A note about the Pandoc options used here:
--standalone
: tells Pandoc to generate a complete HTML document. That is, a file starting with an <html>
element, instead of just HTML elements.
-f markdown_github
: tells Pandoc to use the "GitHub Flavored Markdown" Markdown dialect. I find this more appropriate for script output because it makes carriage-returns significant. If you use -f markdown
instead, then the output of this code:
print(f"foo")
print(f"bar")
Will appears as "foo bar" in the report, instead of being on two separate lines.
You can do the same with CMark using the --hardbreaks
option.
--toc
: generates a clickable table of content from the section headers.
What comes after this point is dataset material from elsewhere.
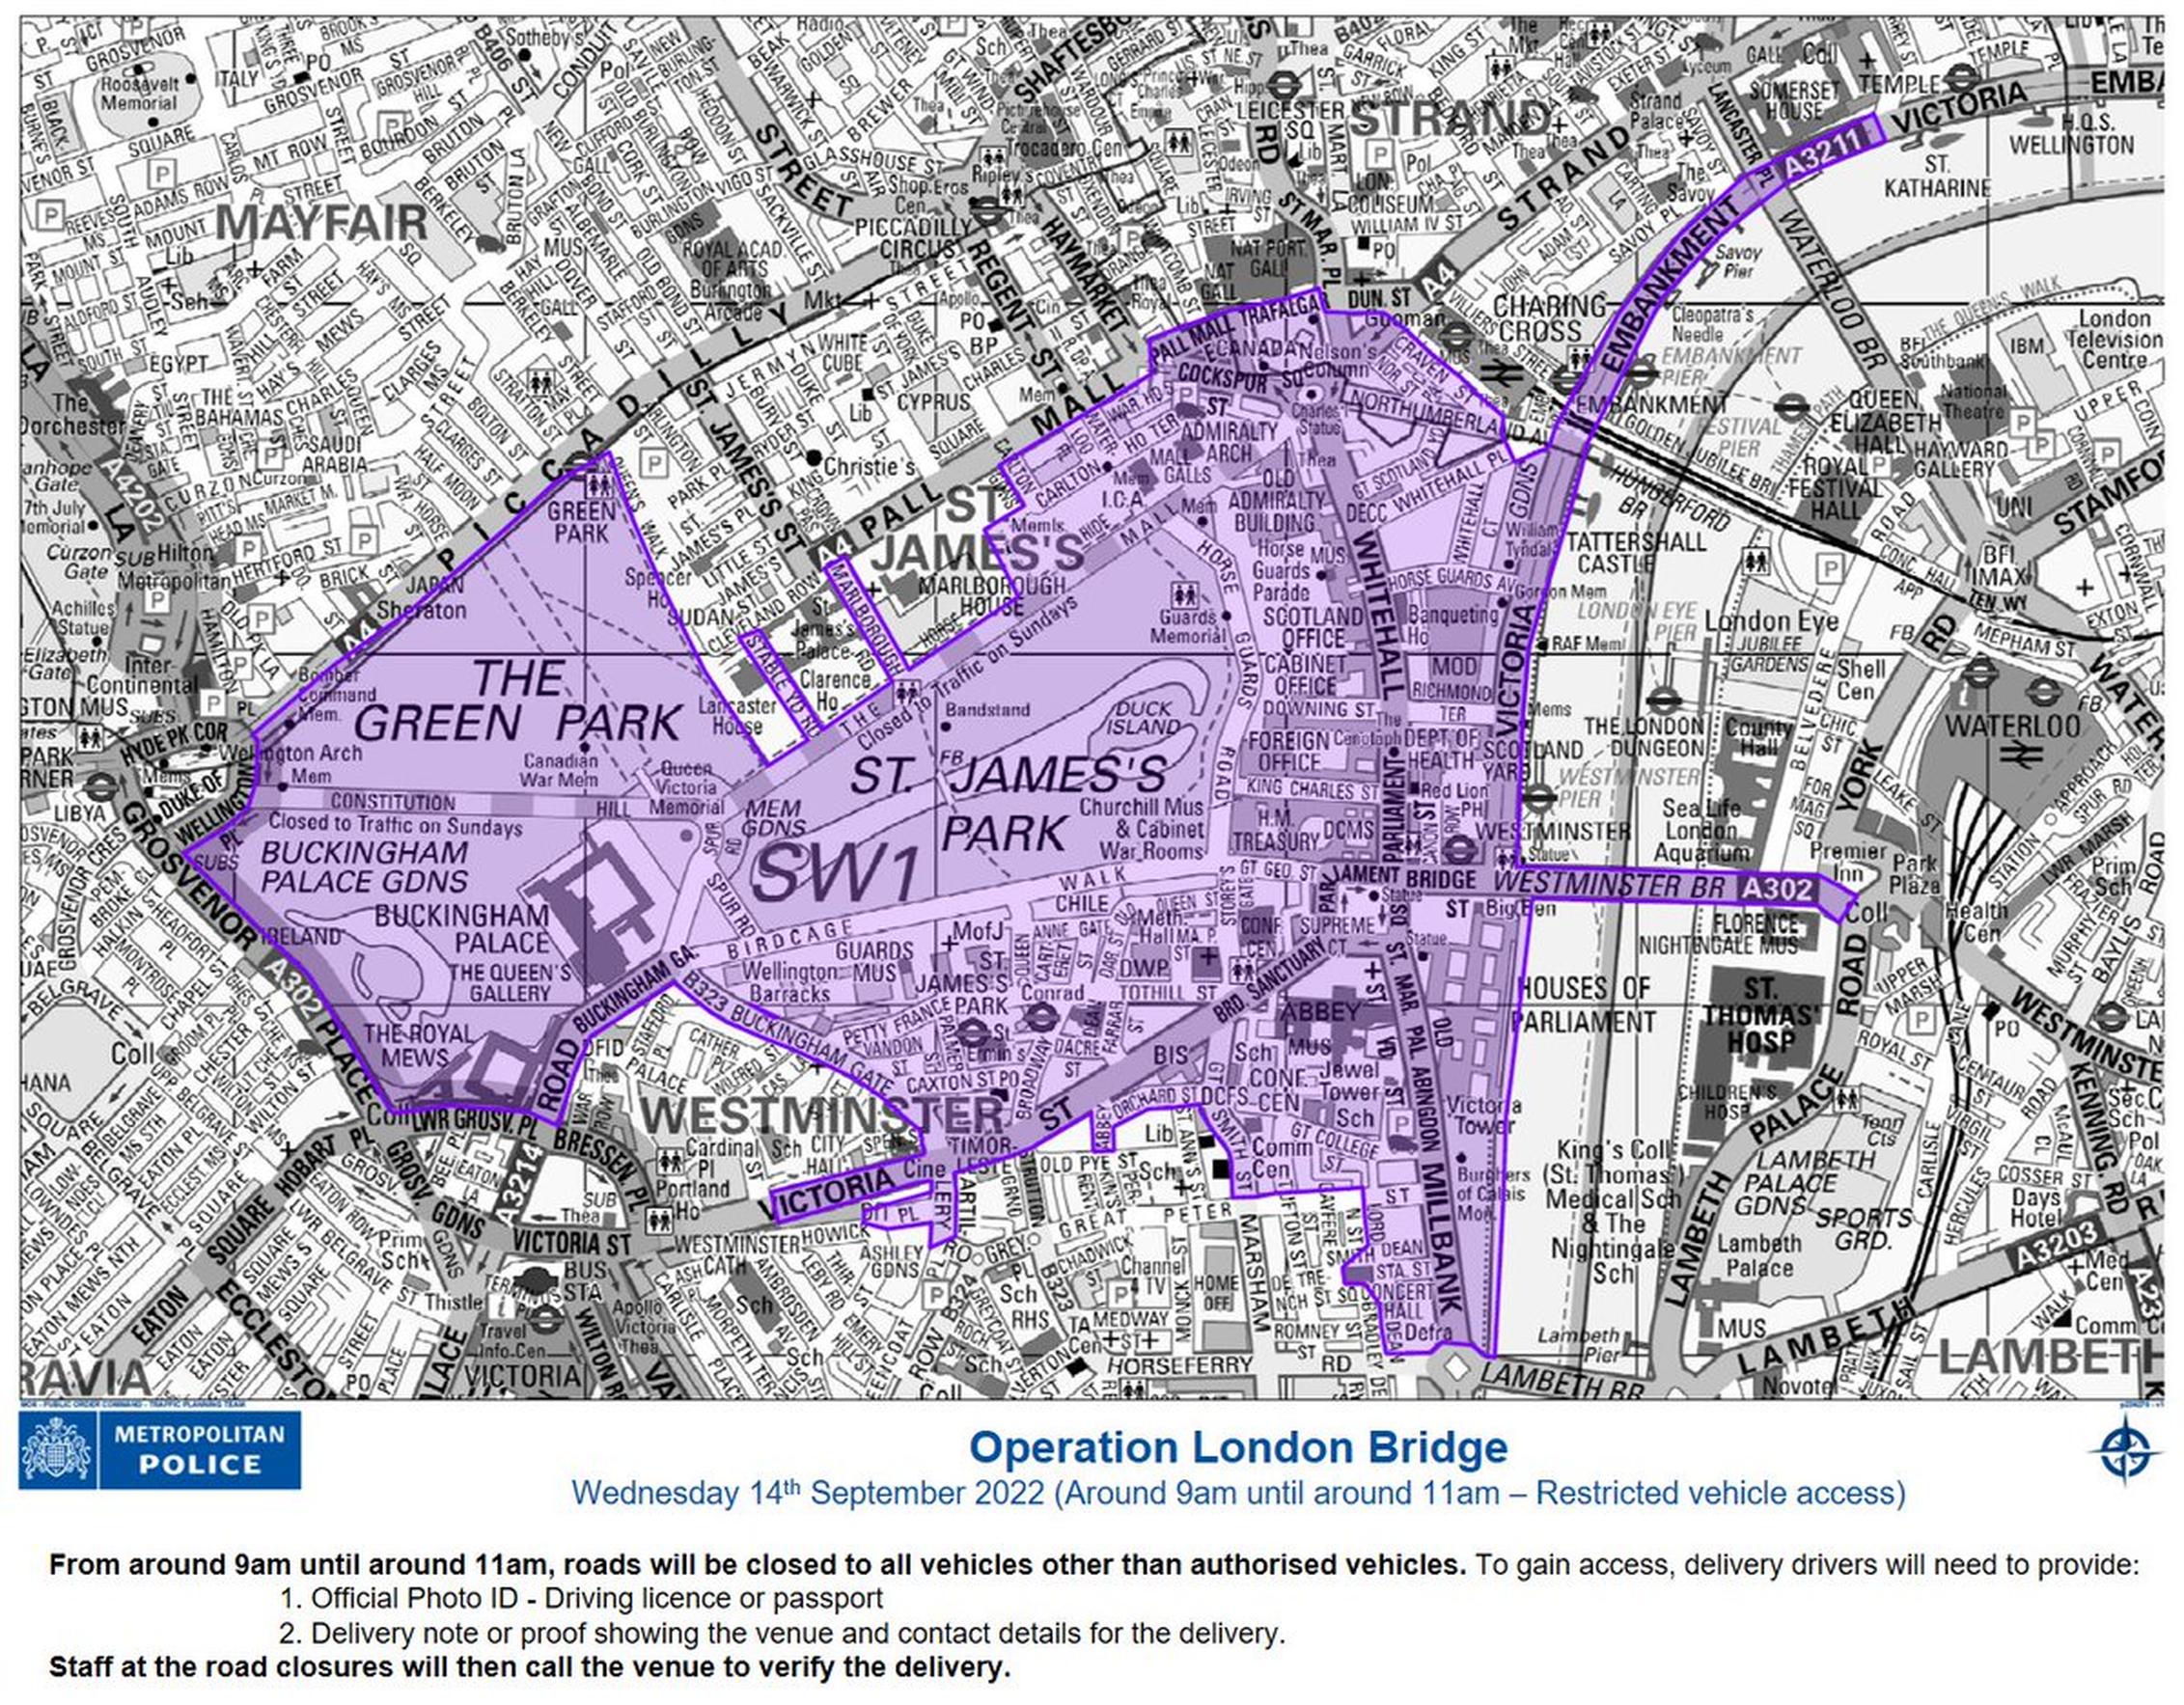 A map of roads closed under Operation London Bridge

Quick preview (shameless plug)
This HTML output is nice, but having to reload the browser is annoying. The entr page provides a script to reload the current tab of your browser, but what I like to do is to use my markup previewer, Mup, to display the HTML. This way I can have an editor opened on my script on the left side of the screen and Mup showing the report on the right side. Every time I change the script, entr
regenerates the report, Mup notices the changes and reloads it.
Takeaways
- Python comes with quite a few handy classes to massage data and extract meaningful information: the collections and itertools modules are worth studying;
- Use entr for fast iterations while working on your script;
- Generating Markdown from a script is easy, and you can turn it into decent HTML using Pandoc, CMark or any other Markdown formatter;
- Use an auto-updating tool like Mup to display the report while working on it.